Mel Magazine, “How Chumbawumba Tricked Everyone Into Thinking ‘Tubthumping’ Was a Pop Song”

At first glance, ‘Tubthumping’ is a saccharine, smooth-brained drinking song designed to be shouted in pubs. But below the surface, it’s a Trojan horse designed to covertly deliver anarcho-communism to the masses

By Magdalene Taylor, January 24, 2022

2022 marks the 25th anniversary of the year that everything happened — 1997. It was an ear-biting, Pierce Brosnan-loving, comet-obsessed world, and we’re here to relive every minute of it. Twice a week over the next 12 months, we will take you back to the winter of sheep cloning and the summer of Con Air. Come for the Chumbawamba, and stay for the return of the Mack.

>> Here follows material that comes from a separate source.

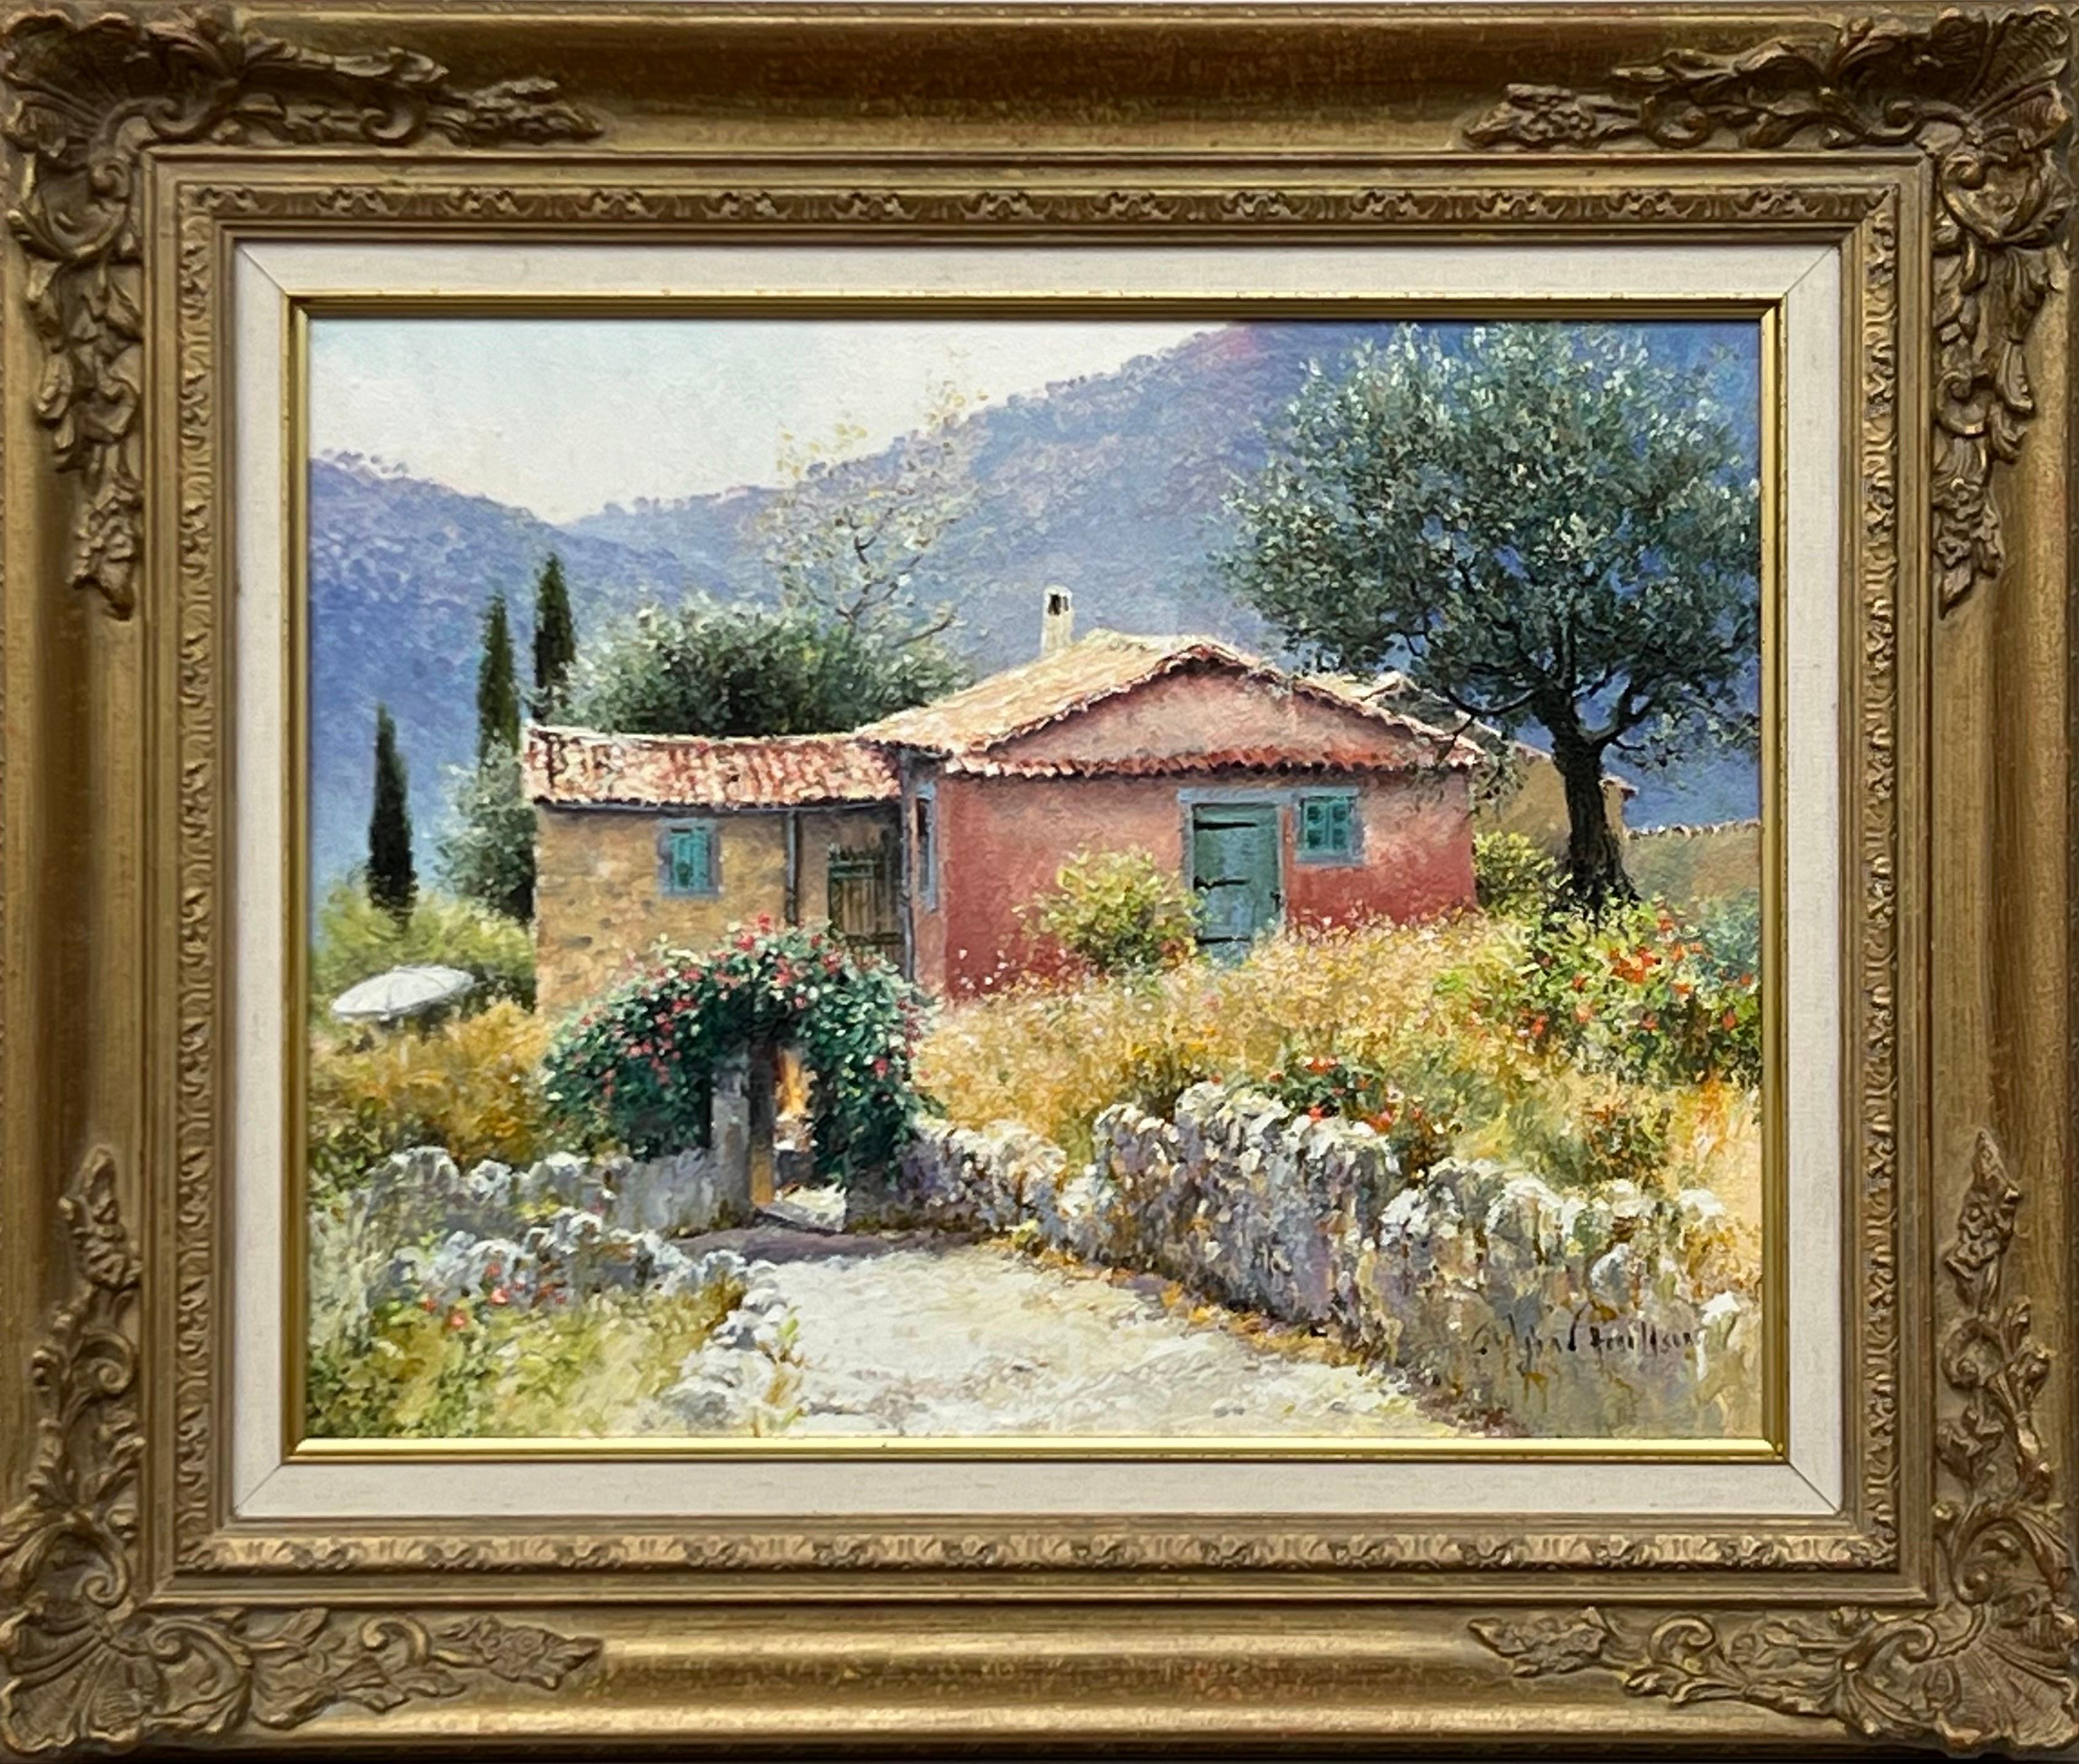 Landscape Painting John Donaldson - Peinture impressionniste de paysage de cottage toscan avec fleurs et arbres en Italie

Somewhere in the depths of my childhood bedroom — maybe on a shelf in the closet, or stashed in a little ceramic jewelry box atop a dresser — is a cerulean, second-generation iPod Nano. On that iPod Nano, one might find various Good Charlotte songs misattributed to blink-182, and vice versa. On that pop-punk mix, however, one would also find a track that, with its raucous horns and frat-boy style chanting, didn’t sound quite like the rest: “Tubthumping” by Chumbawamba. 

I was a year old when the song was first released in 1997, and I surely caught blips of it throughout my childhood. But it wasn’t until age 12, when I watched the 2009 movie Fired Up!, that I became perpetually hooked. In it, the female protagonist’s douchebag boyfriend sings along to the song with his similarly douchebaggy friends. “Awesome song, Chumbawamba. That’s the soundtrack to my life,” he says. I promptly downloaded the song on Limewire. In the context of the movie, “Tubthumping” didn’t seem all that cool, but god, was it catchy. More than that, though, it was uplifting. Who doesn’t need a good dose of encouragement? Even as a preteen, I did get knocked down, plenty. And I would get back up again. I wouldn’t let anyone ever keep me down, and I would keep listening to “Tubthumping” as a reminder of that.